[SPARK-11888][ML] Decision tree persistence in spark.ml

### What changes were proposed in this pull request? Made these MLReadable and MLWritable: DecisionTreeClassifier, DecisionTreeClassificationModel, DecisionTreeRegressor, DecisionTreeRegressionModel * The shared implementation is in treeModels.scala * I use case classes to create a DataFrame to save, and I use the Dataset API to parse loaded files.

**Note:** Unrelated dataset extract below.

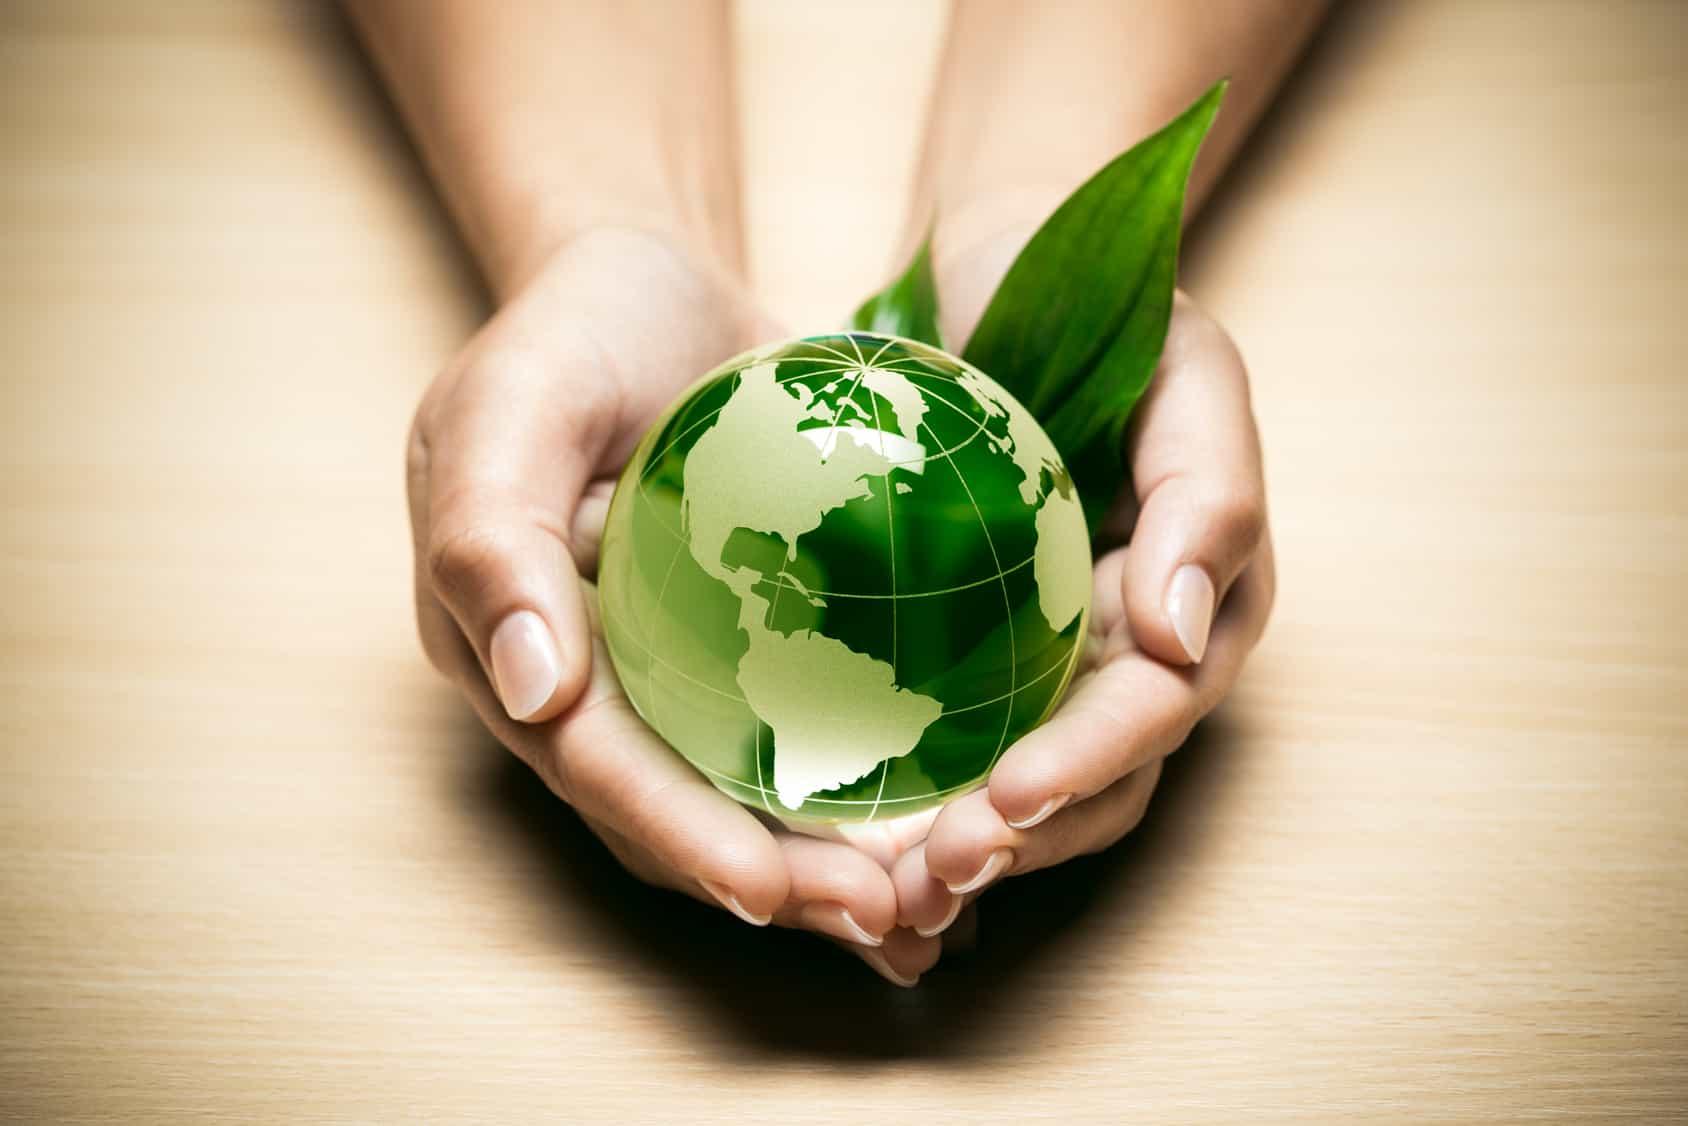 Zwei Hände halten eine grüne Erde.

Other changes: * Made CategoricalSplit.numCategories public (to use in persistence) * Fixed a bug in DefaultReadWriteTest.testEstimatorAndModelReadWrite, where it did not call the checkModelData function passed as an argument. This caused an error in LDASuite, which I fixed. ### How was this patch tested? Persistence is tested via unit tests. For each algorithm, there are 2 non-trivial trees (depth 2). One is built with continuous features, and one with categorical; this ensures that both types of splits are tested. Author: Joseph K. Bradley <joseph@databricks.com> Closes #11581 from jkbradley/dt-io.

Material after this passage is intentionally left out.